Fallacy #4: Conjunction
The point that evidence that is “inadmissible for [one] purpose may be admissible for another purpose” is well made and generally consistent with evidential fact-finding across the continent.Footnote 94 Kruger gives the example that the evidence of an eyewitness may be relevant towards establishing the identity of the person that possessed the murder weapon shortly before (or after) the fatal incident, but this testimony would not establish that the said person fired the weapon and killed the deceased.Footnote 95 On this analysis, the identity of the possessor of the firearm would be what some scholars refer to as a “fact relevant to a factum probandum”,Footnote 96 whereas the orthodox elements of murder (for example, conduct, intention, unlawfulness, capacity and causation) would be the facta probanda, depending on which of them is disputed by the accused or defendant. It is also on a similar basis that Zeffertt and Paizes distinguish between “direct” and “circumstantial” evidence by asserting that the former involves the drawing of one basic inference, whereas the latter involves drawing more than one inference in establishing the pertinent facta probanda.Footnote 97 The rationale for these attempts to widen the scope of relevancy is based on those common instances where evidence “does not directly prove or controvert a point in dispute but tends to do so”.Footnote 98
This article does not take issue with the rationale for widening the scope of relevance in this way. However, the manner in which some jurisdictions that have deployed the Mpho (negative) version have embarked upon this in their admissibility rules is ambiguous and may give rise to the fallacy of conjunction.
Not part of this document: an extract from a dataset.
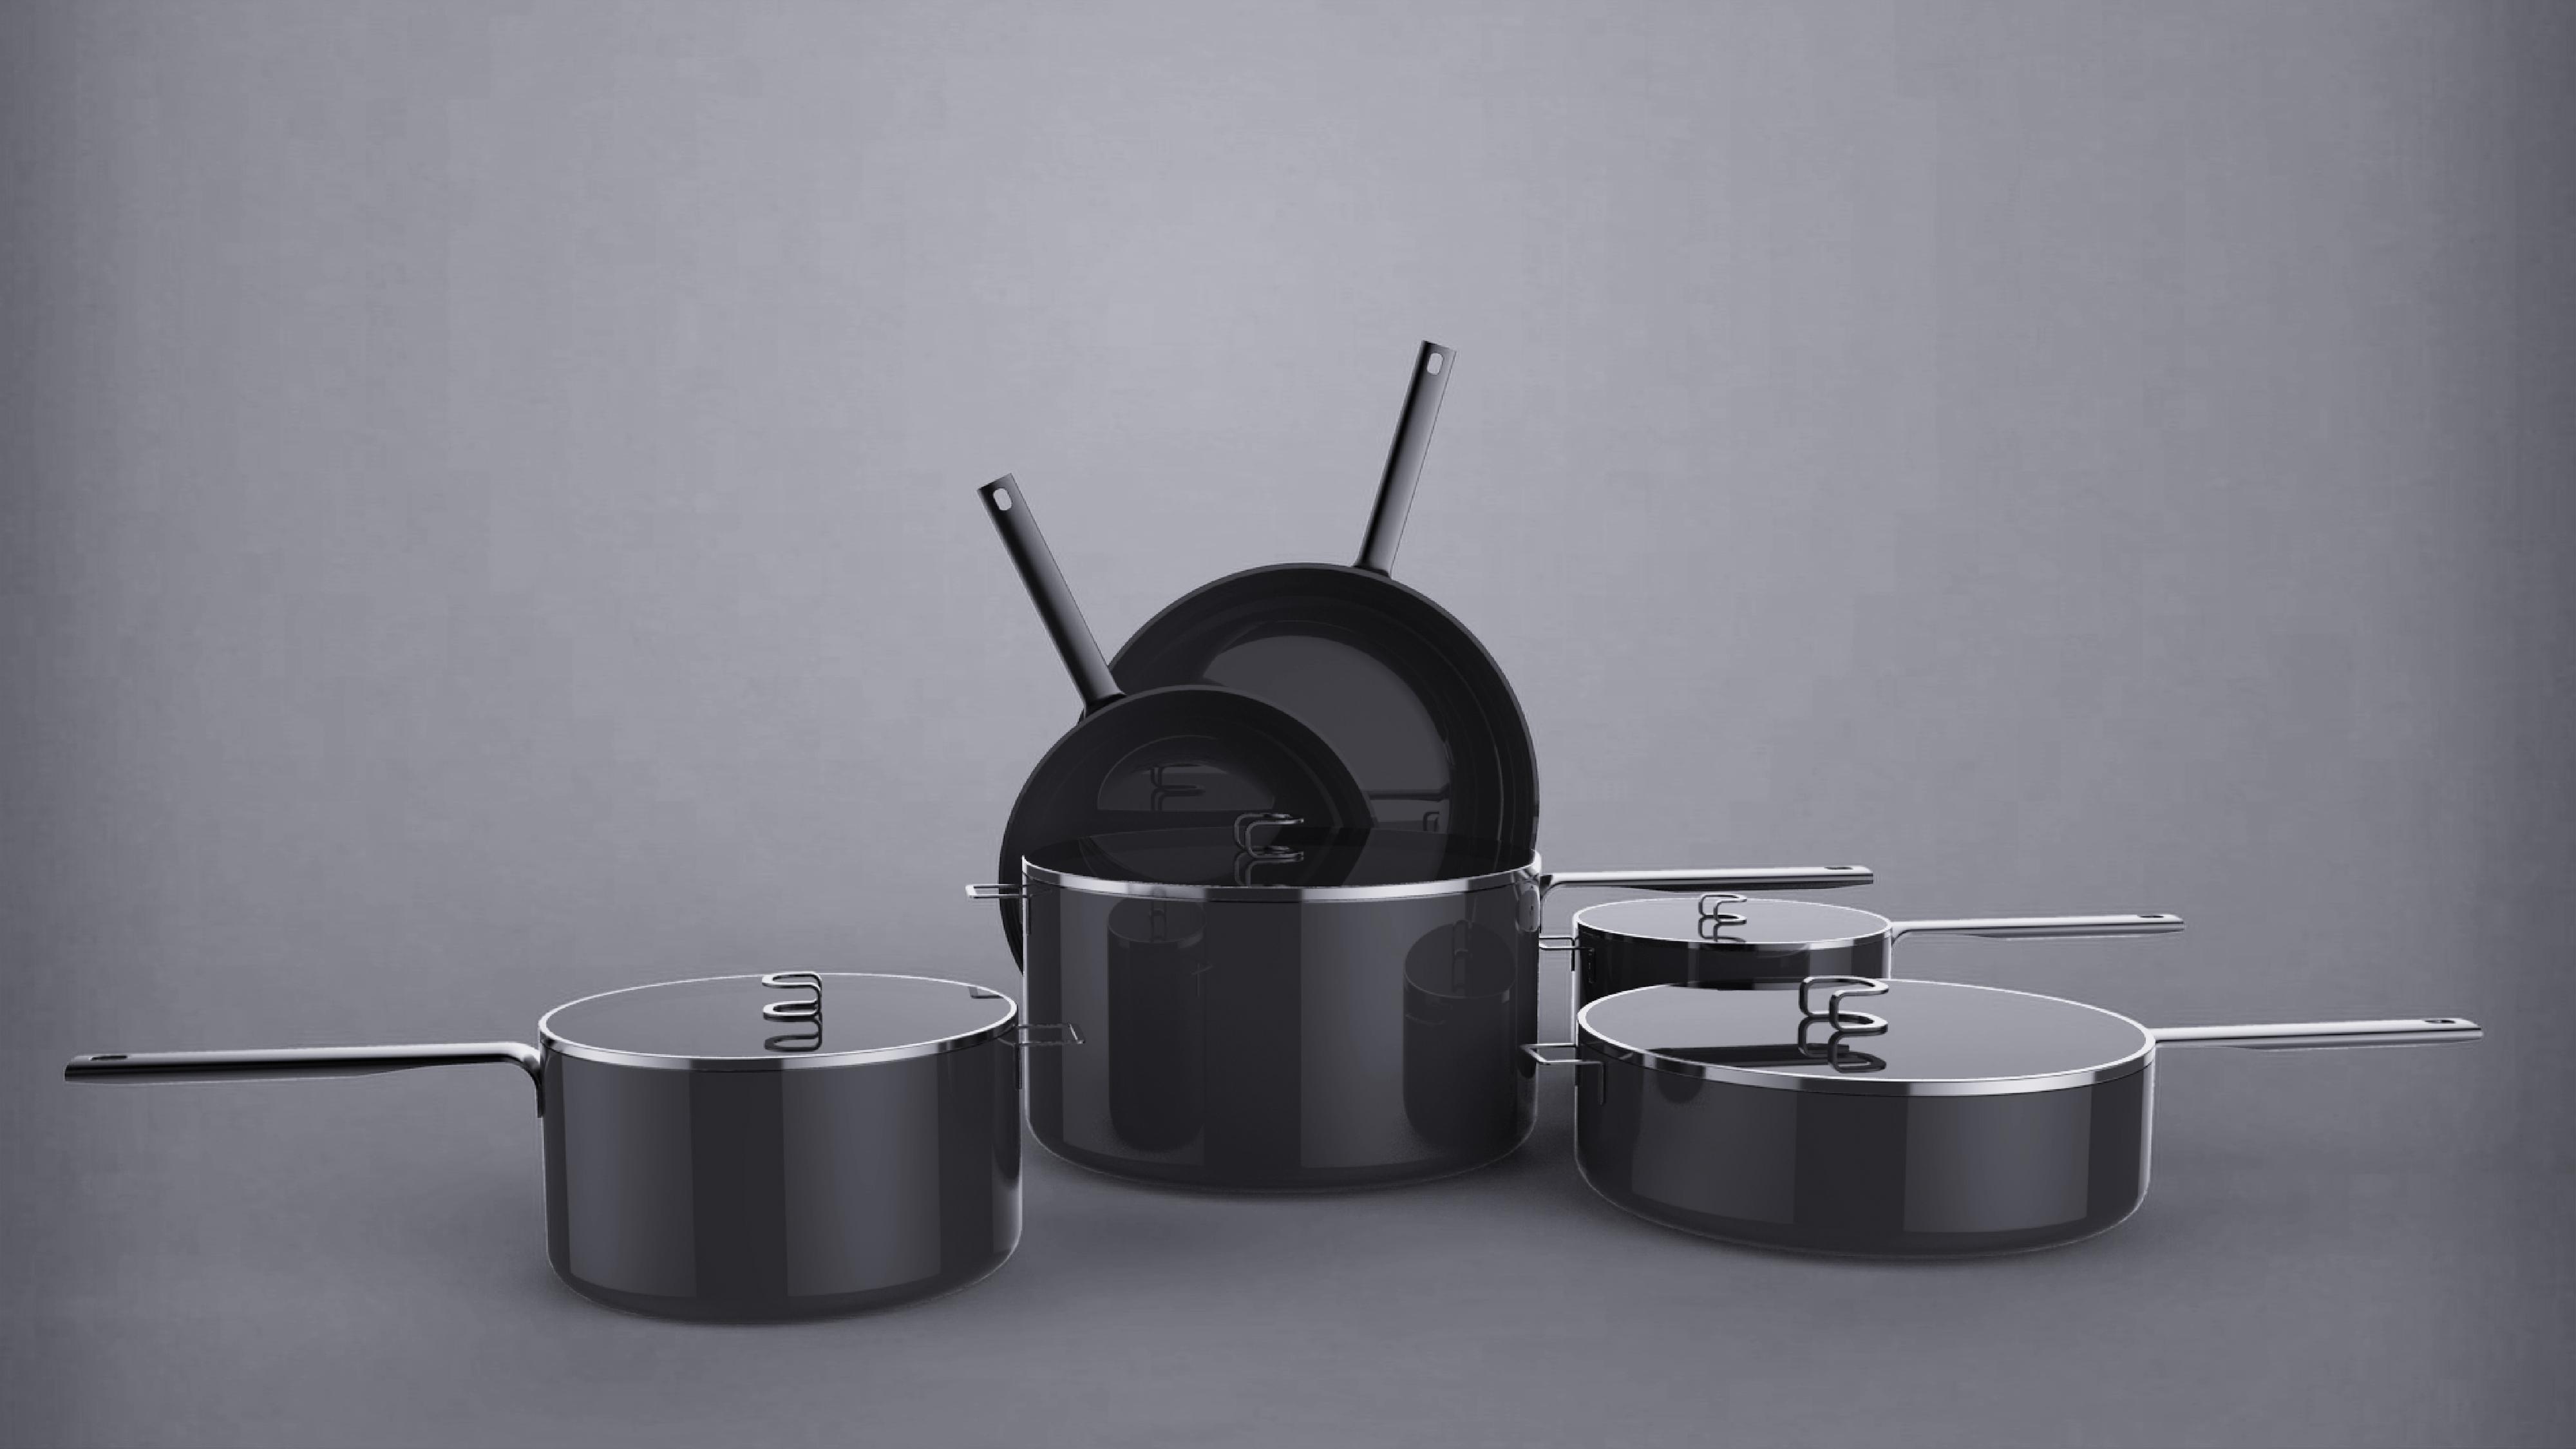 家电家居/水壶水杯/保温杯/净水机/软水机/锅/咖啡机/热水

The rule in Zimbabwe is that “[e]vidence that is irrelevant or immaterial and cannot lead to the proving or disproving of any point or fact in issue shall not be admissible”.Footnote 99 If irrelevant evidence is ex lege inadmissible, then not only is everything in this section after the word “irrelevant” superfluous, but the usage of the word “and” would be a false conjunction.Footnote 100 This is because it does not seem to be possible to have evidence that can “lead to the proving … of any … fact in issue” yet is irrelevant (or vice versa). For example, if the evidence in S v Brown, regarding the information contained in a phone that was picked up from the crime scene, was found to be irrelevant in proving the elements of the crimes of murder and attempted murder, it would be ex lege inadmissible.Footnote 101 An alternate finding that such evidence was nevertheless relevant towards establishing the identity of the shooter would be superfluous and a contradiction in terms.Footnote 102
Fallacy #5: Disjunction
Disjunction, typically expressed through the “v” sign in formal logic (for example, p v q), implies a statement that is valid on the basis of either portion of it that falls before or after the “v” sign, which is roughly translated to mean “or”.Footnote 103 Therefore, in those jurisdictions such as South Africa that use the Mpho (negative) version of the admissibility rule, evidence that is “irrelevant” is as inadmissible as is evidence that is “immaterial”.Footnote 104 The fallacy would pertain here if these two concepts were mixed up. In other words, this would be the case in the event that it is conceived that it is possible for evidence to be relevant but immaterial, or irrelevant yet material. In S v Mayo, the court ruled that a police pocketbook relied upon by an investigating officer to recall the events surrounding the alleged commission of the crime in question was “irrelevant” towards the credibility of the testifying police officer because “it has not anywhere been suggested that the witness [viz. the investigating officer] has said anything which will be contradicted by accused No 1, insofar as the content of his pocket book is concerned”.Footnote 105 If a witness is unable to independently recall certain events without relying on a written record, evidence of the contents of this record will always be relevant towards establishing the witness's credibility. Therefore, it appears that what Jones J in S v Mayo may have had in mind is the term “materiality”, as opposed to “relevance”, if his ruling was based on the fact that the credibility of the witness had not been challenged by the accused. According to Montrose, “materiality” pertains to whether the evidence being adduced is targeted towards one or more of the issues in dispute, as opposed to issues that are not before the court.Footnote 106 The disputed issues are generally defined by the pleadings, particularly the specific allegations that the accused or defendant denies. In summary, the purported disjunction between “relevance” and “materiality” is far too ambiguous to avoid the potential fallacious pitfalls of either mixing up these two concepts or to presume that a simultaneous logical disjunction between them is possible.
Fallacy #6: Tautology
An attempt similar to that discussed earlier under the fallacy of conjunction has been made to widen the scope of the admissibility rule by reference to “any fact, matter or thing” in jurisdictions that use the Mpho (negative) version of the rule.Footnote 107 Not only is the term “evidence” sufficiently broad to include mere “information”, and not necessarily “proven” or “admitted” evidence,Footnote 108 but Hage has given an expansive definition of “facts” that includes at least seven different variants.Footnote 109 The usage of either of these terms, without more, therefore, is a sufficient substitute for the otherwise tautological reference to “any fact, matter or thing”.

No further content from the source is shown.